Sri Lanka's monks vow to fight constitutional reform

Sri Lanka's Buddhist monks threatened to hold nation-wide protests against the move to give political autonomy to the minority Tamil community.
Image for representation only.
Image for representation only.

COLOMBO: Sri Lanka's hardline Buddhist monks today vowed to resist the government's decision to draft a new Constitution, threatening to hold nation-wide protests against the move to give political autonomy to the minority Tamil community.

Claiming that President Maithripala Sirisena government has no mandate to introduce the new constitution, hardline monk Maagalkande Sudaththa told media here the country's influential Buddhists are going from district-to-district to educate their followers about the "dangers" of the proposed Constitution.

The hardline monks vowed to back the opposition mounted by the monk leaders against the government's move to change the island's constitution.
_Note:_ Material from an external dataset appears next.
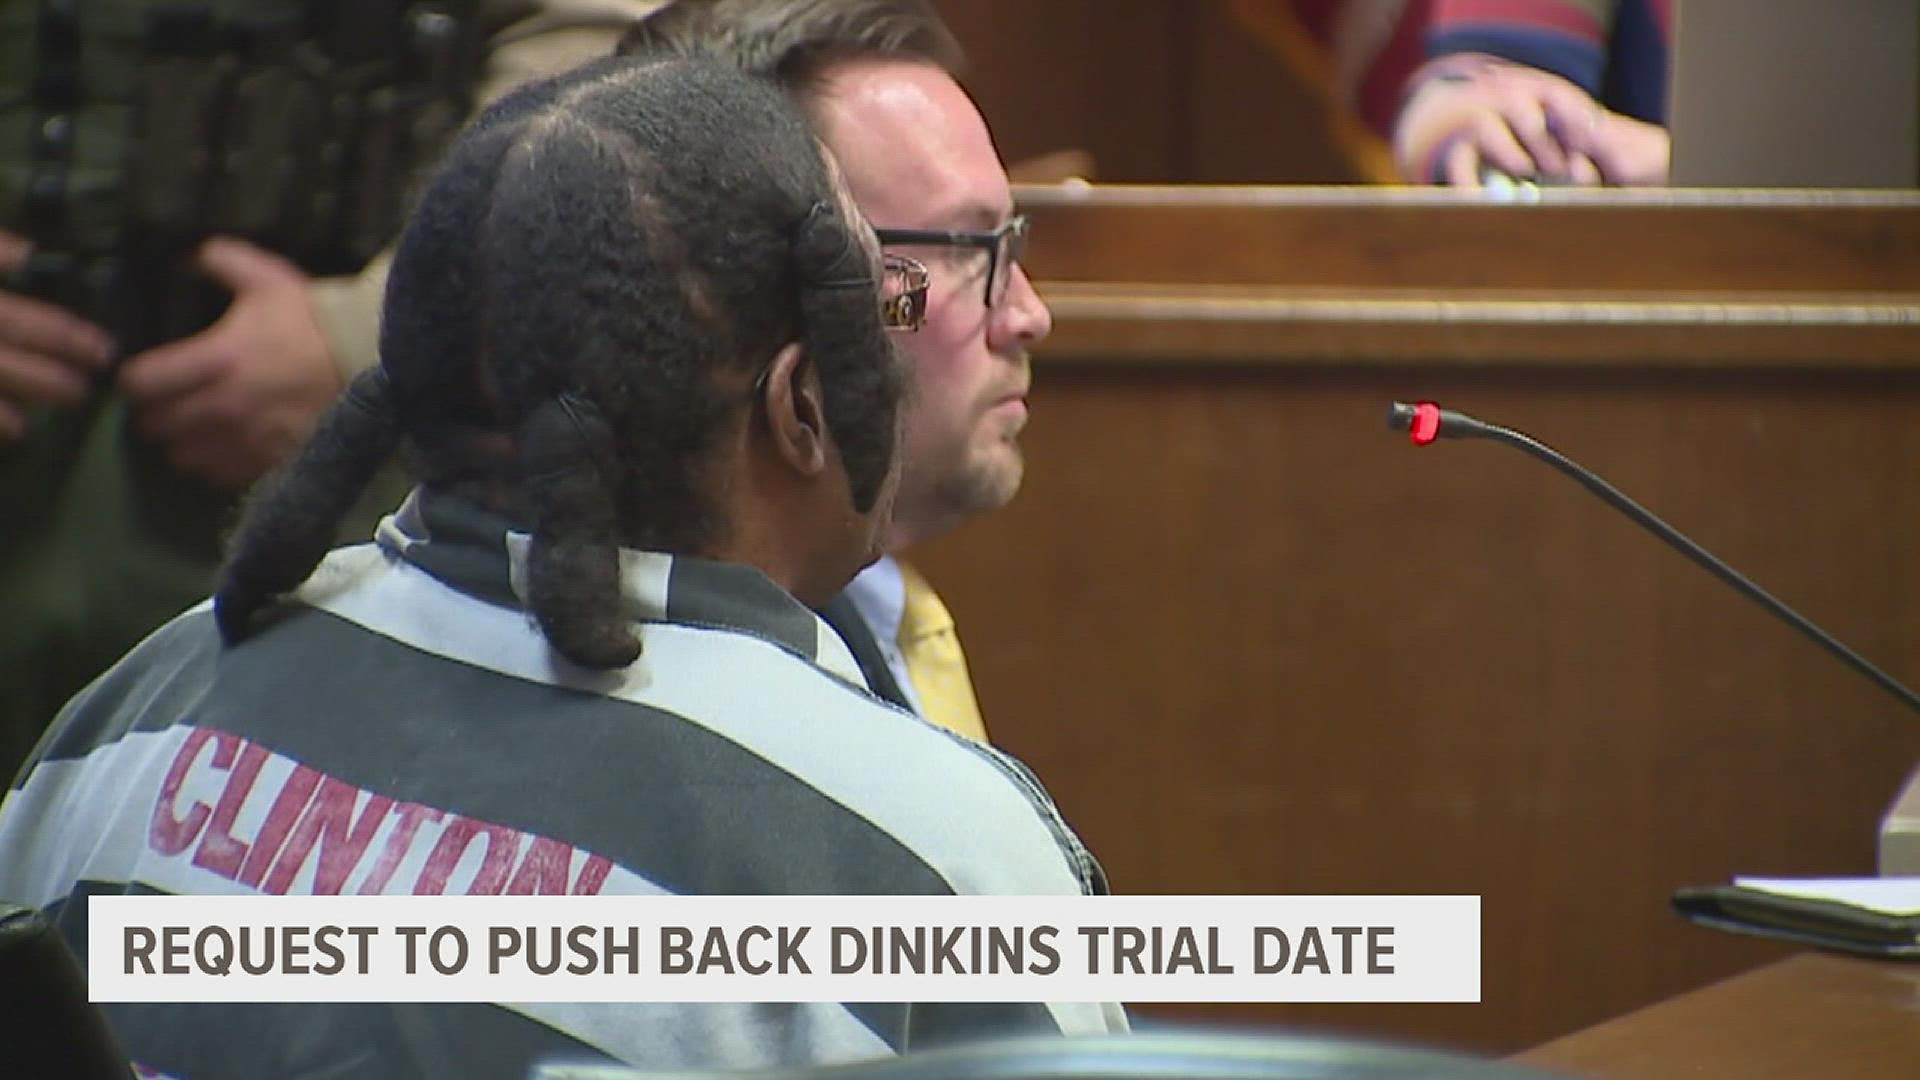 The trial has already been pushed back once, but Henry Dinkins received a new defense five months ago.

They threatened to hold street protests against the government's decision. Sudaththa's remarks came after Sri Lankan government asserted that the government will go ahead with the process of drafting the new Constitution to give its Tamil minority greater autonomy.
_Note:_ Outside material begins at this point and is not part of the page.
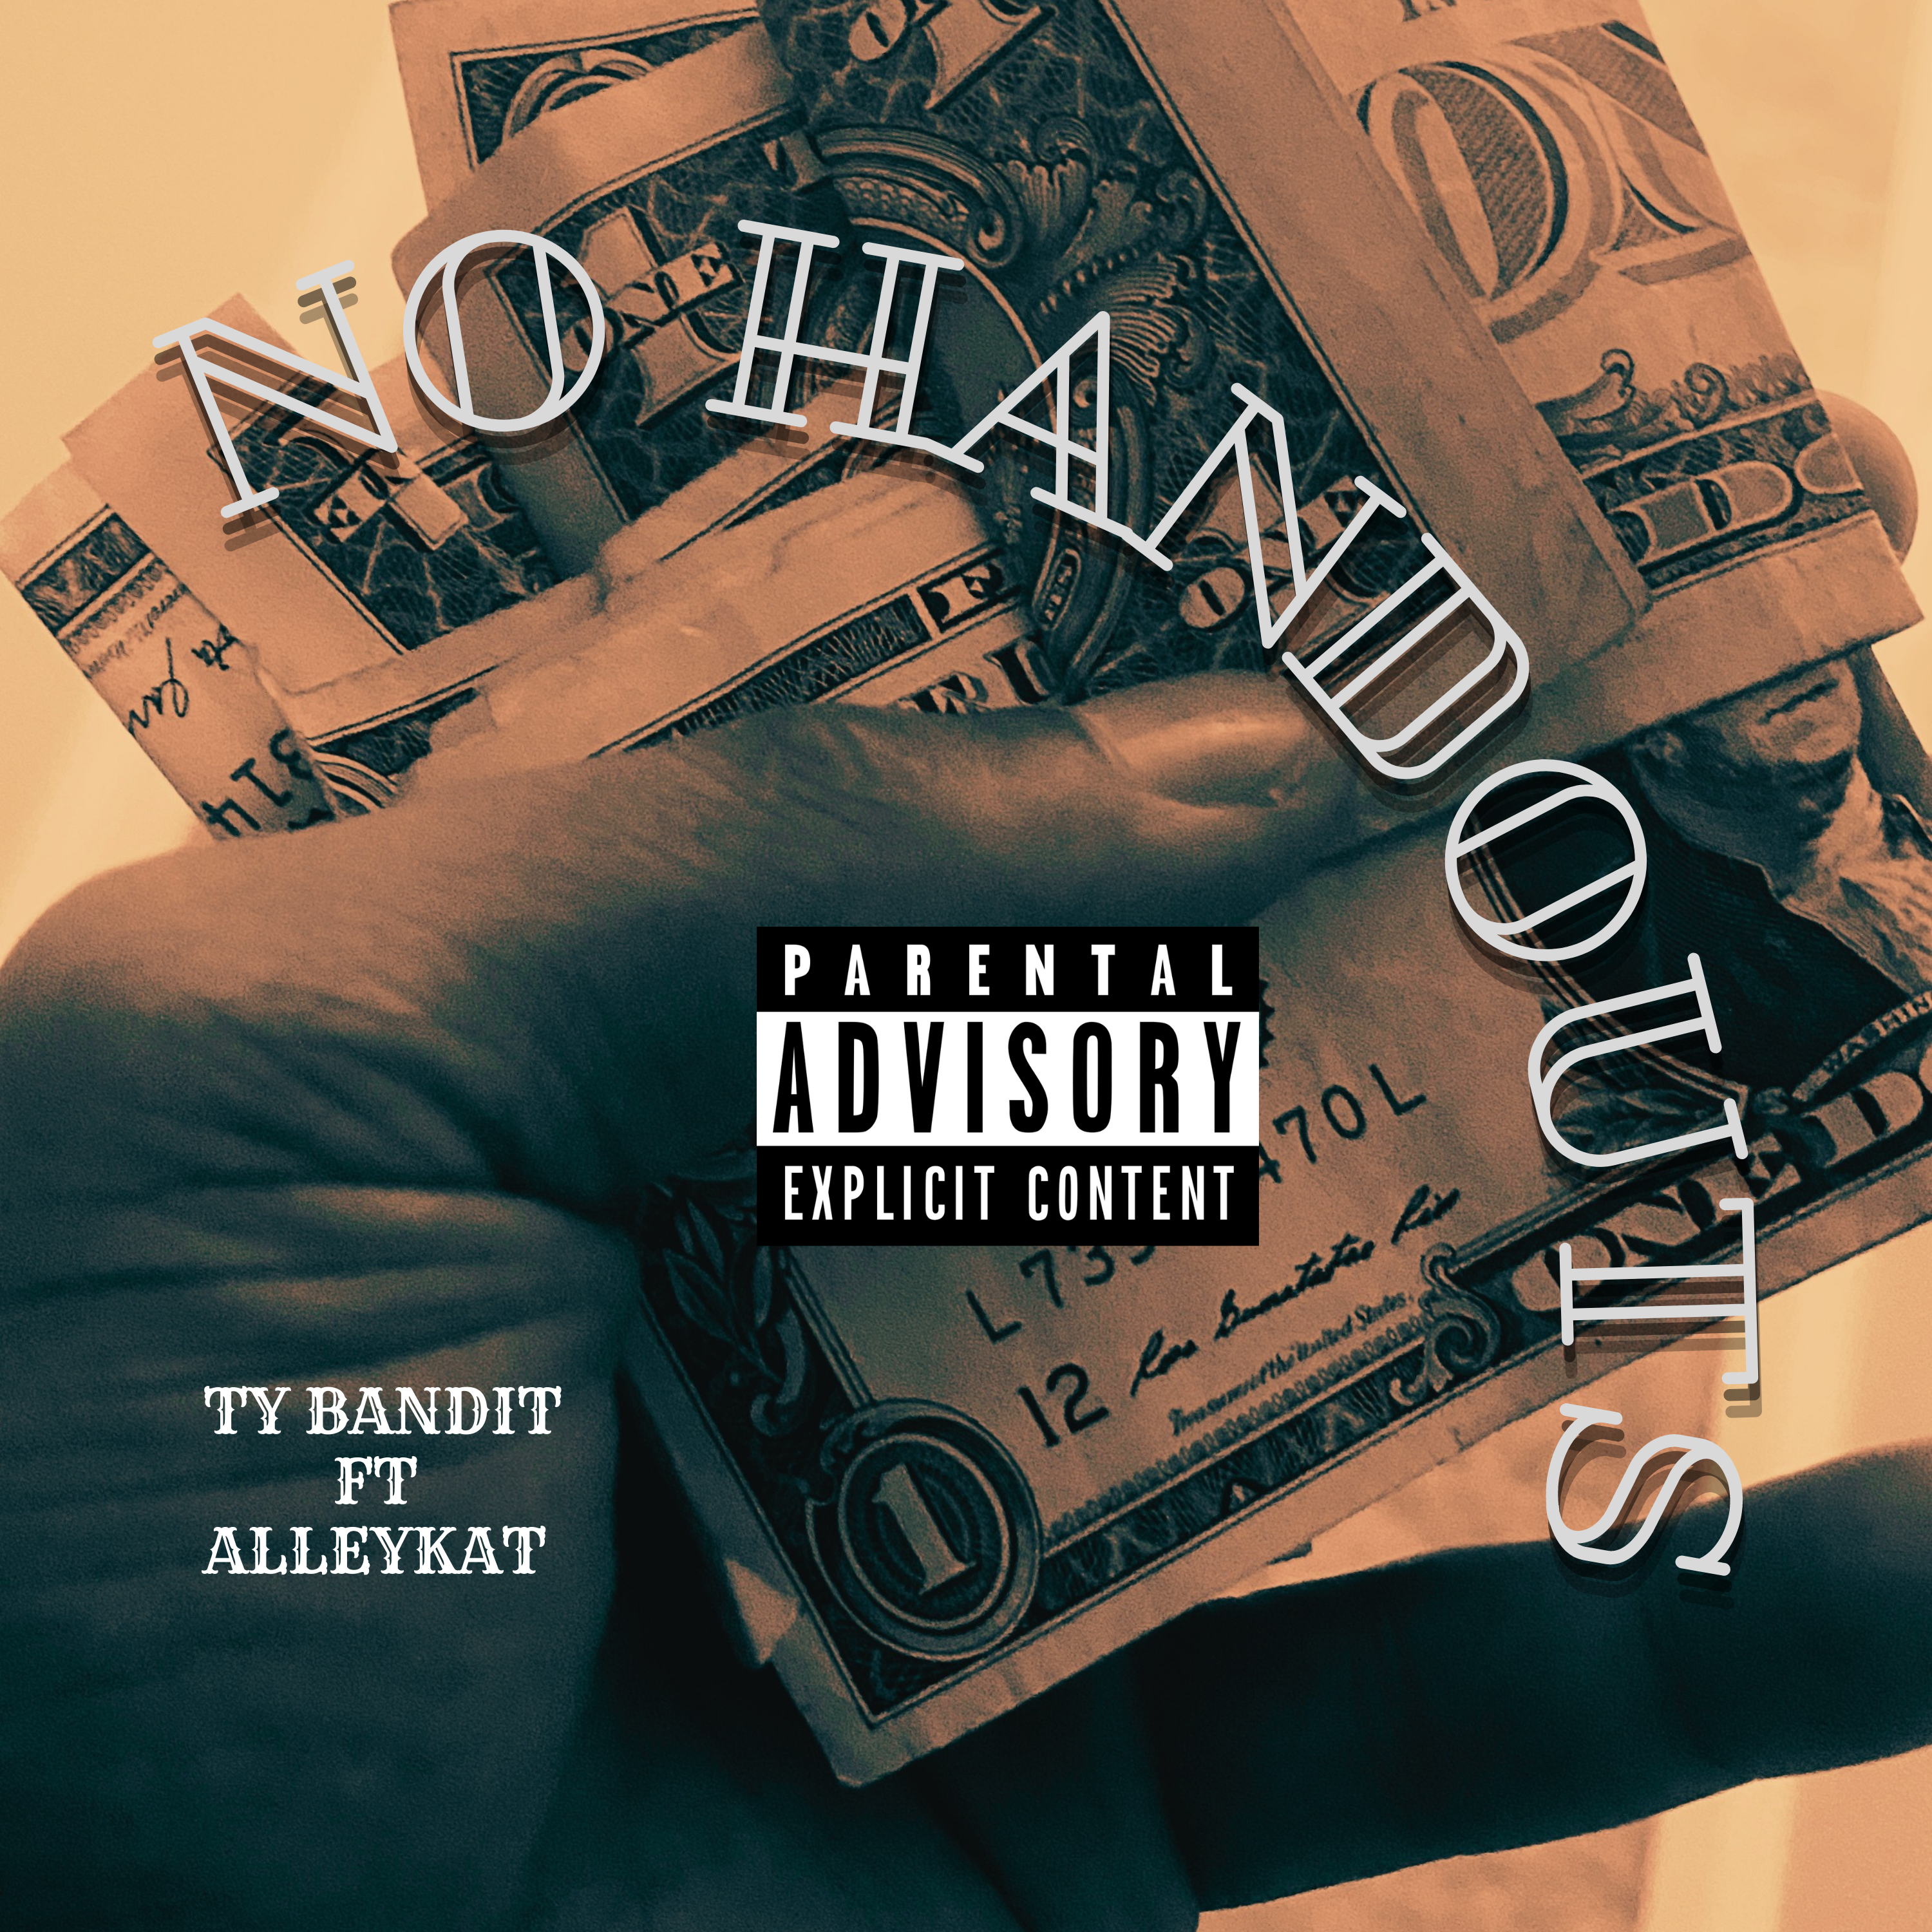 Art for No hand outs by ALLEYKAT NUMONEY FT TY BANDIT

Government spokesman and Health Minister Rajitha Senaratne said the parliament will not reverse the process begun in April last year to draft the Constitution. "The government got 6.2 million votes to change the constitution," Senaratne had said.

"The monks can have their views, but the people's mandate at two elections in 2015 was to change the Constitution. We will not work against the people's will just because Buddhist monks want us to do so," he had said.

President Maithripala Sirisena last week met the senior monks and assured that they would be informed on the final draft of the constitutional reform. Sri Lankan parliament had converted itself into a constitutional assembly to draft a new Constitution to replace the existing 1978 Constitution. Suddhaththa said about 70 per cent of MPs in the 225- member parliament are a "asleep" when important issues are discussed. He accused them of being "uneducated".

Nearly 70 per cent of the island's population is Buddhist. The latest move by the Buddhist community is a new challenge to the government of Sirisena who himself is a Buddhist and is committed to ethnic unity. The hardline stance of monks is being seen as the history repeating itself whenever successive Sri Lankan governments attempted reforms to grant political autonomy to the Tamil minority in its bid to end ethnic strife in the island.

All such attempts since 1958 have been scuttled by Buddhist monks who took the ant-reform platform driving the Sinhala majority to oppose the blue prints for power sharing. This led to a bloody armed conflict waged by the LTTE to carve out a separate Tamil state in the north and east provinces.

The LTTE was militarily defeated in 2009, yet the root causes of the conflict remain to be addressed. Tamils, who live predominantly in the north and east of Sri Lanka, form the largest minority group in the country constituting for 11.1 per cent of the population. The Liberation Tigers of Tamil Eelam (LTTE) ran a nearly three-decade separatist campaign leading to a bloody war with the Sri Lankan security forces. According to the UN figures, up to 40,000 civilians were killed by the security forces during former president Mahinda Rajapaksa's regime that brought an end to the brutal conflict with the defeat of the LTTE in 2009.